Ferro/ Anemia ferropriva

5 de janeiro de 2019

Ferro/ Anemia ferropriva

 

– Facilitadores da absorção de ferro: forma heme (carnes e vísceras), acido ascórbico, acido cítrico, frutose, vitamina A e carotenóides.

– Inibidores da absorção de ferro: fitatos (cereais e sementes leguminosas), oxalatos e composto fenólicos (flavanoides, ácidos denolicos e tanino) – vegetais, achocolatados, chas, cafés, vinhos e refrigerantes; sais de cálcio e fósforo presentes nas proteínas do leite (caseina e soro) e do ovo (fosfoproteina).

– Quantidade de ferro não necessariamente se traduz em biodisponibilidade (exemplo: beterraba e feijão – tem bastante ferro, mas pouco biodisponivel).

– Risco aumentado de deficiência de ferro: deficiência materna de ferro, prematuridade, pequenos para idade gestacional, filhos de mãe diabética, clampeamento precoce do cordão umbilical, baixa ingestão, alterações duodenais (doença celíaca, doença de Crohn, giardíase, infecção por h. pylori), sangramento gastrointestinal (DII, parasitose, colite alergia).

– Pelo CDC (Center for Disease Control and Prevention), é recomendado o screening da deficiencia de ferro nos países com alta prevalência de deficiência de ferro (inclui o Brasil), iniciando entre 9 e 12 meses, repetindo 6 meses após e depois anualmente entre os 2 e os 5 anos. Ponto de corte recomendado de hemoglobina é 11g/dL. Pela Academia Americana de Pediatria (AAP): screening universal aos 12 meses, seletivo em qualquer criança com risco de deficiência de ferro ou anemia.
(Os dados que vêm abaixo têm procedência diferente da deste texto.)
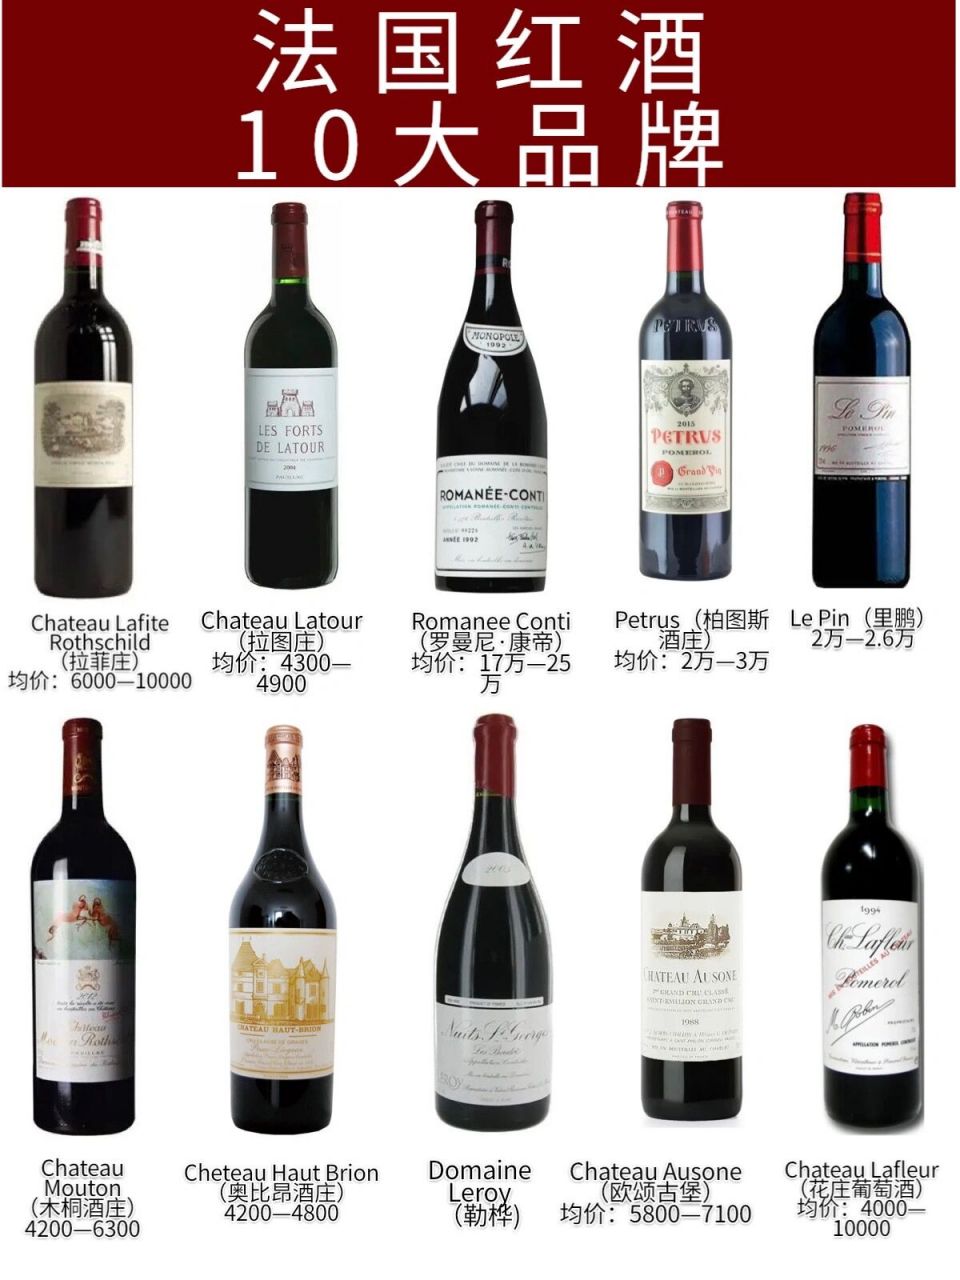 法国红酒商标图案大全图片

– Situações que favorecem a ocorrência de anemia: prematuridade, processos infecciosos e parasitários, estrutura familiar, antecedentes alimentares e historia dietética de risco => lactentes sem aleitamento materno exclusivo por 5-6 meses, lactentes em aleitamento materno exclusivo com mais de 6 meses, uso de leite de vaca no primeiro ano de vida, pré escolar com consumo excessivo de leite ou dieta pobre em alimentos ricos em ferro, crianças vegetarianas ou filhos de mãe vegetarianas.

– Diferentes estágios da deficiência de ferro:

* primeiro estagio: estoques baixos: Hemoglobina/ VCM/ Ferro sérico normais, ferritina diminuída, capacidade de ligação ao ferro e protoporfirina eritrocitária livre normais.
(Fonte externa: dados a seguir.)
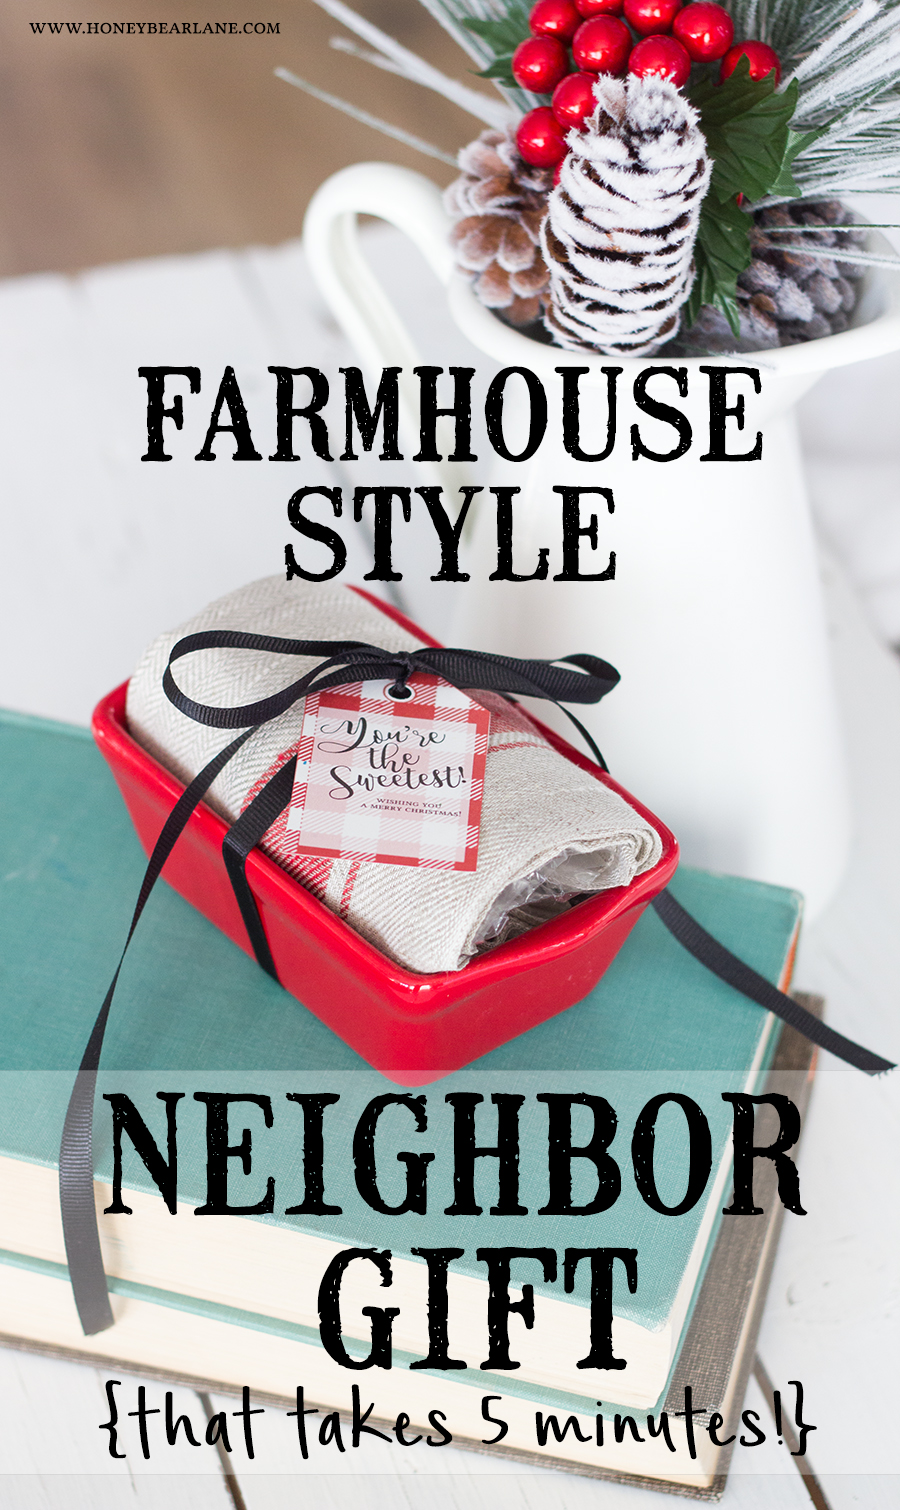 https://www.honeybearlane.com/wp-content/uploads/2016/11/farmhouse-style-neighbor-gift.jpg

* segundo estagio: ferro baixo sem anemia: Hemoglobina  e VCM normais, Ferro sérico e ferritina diminuídos, capacidade de ligação ao ferro aumentada, protoporfirina eritrociataria livre normal.

* terceiro estagio: ferro baixo com anemia: hemoglobina, VCM, ferro sérico e ferritina baixos, capacidade de ligação ao ferro e protoporfirina eritrocitária livre aumentados.
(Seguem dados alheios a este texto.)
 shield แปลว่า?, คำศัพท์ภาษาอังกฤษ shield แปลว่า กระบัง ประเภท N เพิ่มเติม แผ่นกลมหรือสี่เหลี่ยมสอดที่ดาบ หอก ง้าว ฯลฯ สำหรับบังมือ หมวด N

– Diagnostico diferencial da anemia por deficiencia de ferro: talassemias (microcitose resistente ao tratamento com ferro, RDW normal), intoxicação por chumbo (anemia hipocromica microcitica, RDW normal, pontilhado basófilo grosseiro dos eritrócitos, elevação dos níveis de chumbo), infecções crônicas (anemia normocitica normocromica), traço talassemico, anemia sideroblastica (RDW alto e VCM normal). Quando considerar outro disgnostico: esplenomegalia, anemia não hipocromica microcitica, reticulocitose, pancitopenia.

– Posologia de tratamento de suplementação de ferro: 3-6mg/kg/dia, diariamente, em dose única ou fracionada em duas vezes, antes das refeições principais. Se intolerância ao ferro (náuseas, epigastralgia, diarréia ou constipação): reduzir inicialmente a dose de ferro para posteriormente aumentar progressivamente; e/ou substituir por hidróxido de ferro polimaltosado ou ferro aminoácido quelato.

– Inibição da secreção acida (Inibidores de bomba protinica e antagonistas H2) é asscoaiada a diminuição da absorção de ferro.